God save me from my planner

My official first day of support raising.

I woke this morning without a schedule or a list of places to be at a particular time. That will be a definite adjustment. So much of me is a structured learner, doer, organizer. It's hard to have a summer that is structured by myself (and of course those around me who are keeping me accountable to doing the work for support raising). It's still weird. I'm not sure if I have made the transition yet- from a full time college student to an employee for GCM, who is officially working through support raising and not working at one place all day. I'm not sure how I am dealing with all of this or how well I am taking it all in. How do I successfully make this transition? Am I dealing with the reality of change or just letting it pass by?

There are lots of things I am really excited about, like for instance my big challenge of the summer- trusting God. Until today all my support raising stuff has been "unofficial"- kind of like a little bonus I was doing to help myself out, give myself headway for later on. I didn't stop to think what it would be like when I was actually in the process of support raising. It almost seemed like one of those things that you think about what it would be like to be there, but you don't have to actually deal with the reality of it being there.

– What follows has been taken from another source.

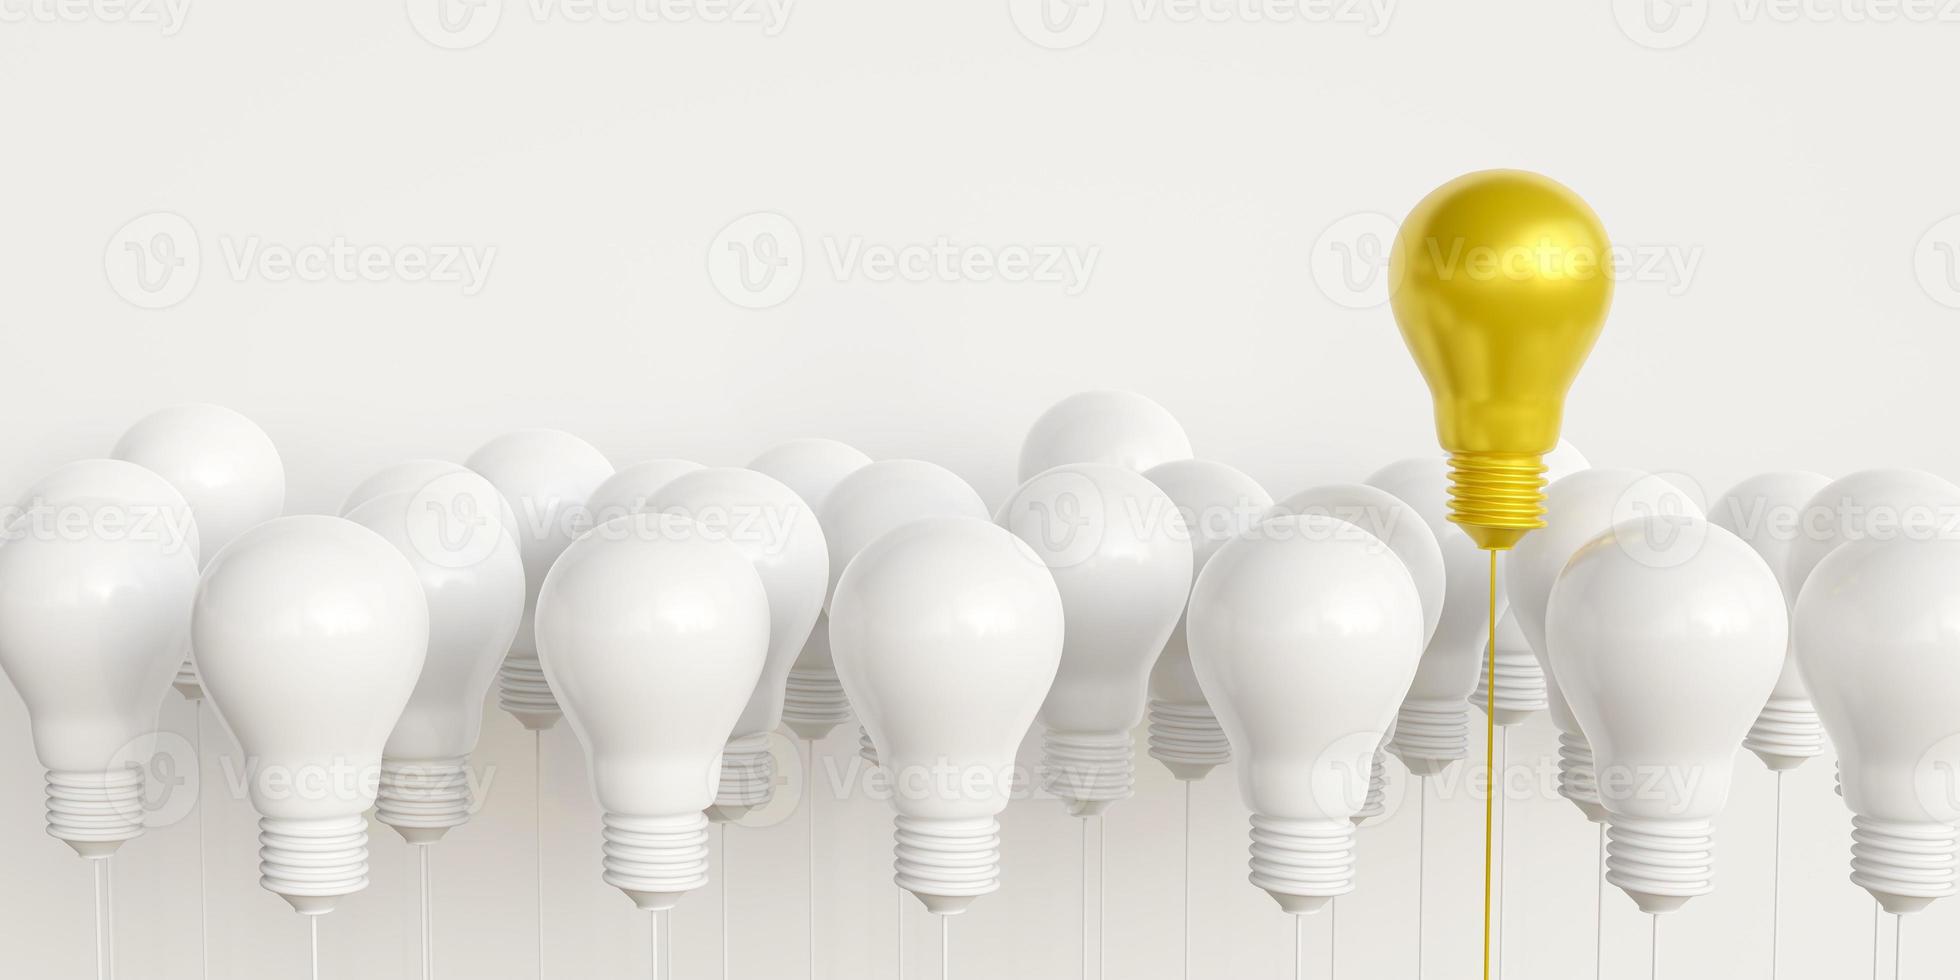 la distintiva bombilla de luz dorada flota sobre la bombilla de luz blanca. concepto de liderazgo talentoso e ideas sobresalientes, buenas ideas seleccionadas, innovación e inspiración. con copia foto

Well, today's the day. I'm due. And now I need to be faithful.
"To the faithful you show yourself faithful." This line has been going over and over in my head for years- something He put in my heart so long ago. To the faithful you show yourself faithful. God help me to remember this. But what is faithfulness for me this summer? How can I be sure I am being faithful without a blocked off scheduled day and a to-do list 15 boxes long, all desperately crying out to the pen in my hand "Check me! Come on, hurry! Get this done!"

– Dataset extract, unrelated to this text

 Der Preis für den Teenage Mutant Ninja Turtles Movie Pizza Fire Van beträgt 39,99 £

Ah, no. I don't want to worship a to-do list or a heavily strategized blocked schedule of my days.

God I want to be faithful to you, but I also don't want a schedule and doing things to become the internship to Honduras. I am going to Honduras to serve in the homes, in the streets, and in the hearts of the poor and those infected with HIV/AIDS. Support raising is just part of the process.

God save me from my planner, my note pad, and my appointment list.

1 comment:

Chris Swift said...

just be like me for three months. that will help kill your to-do list.

juuust kidding. you're a better self-organizer than you think you are. you are just doing different things to be great at besides studying.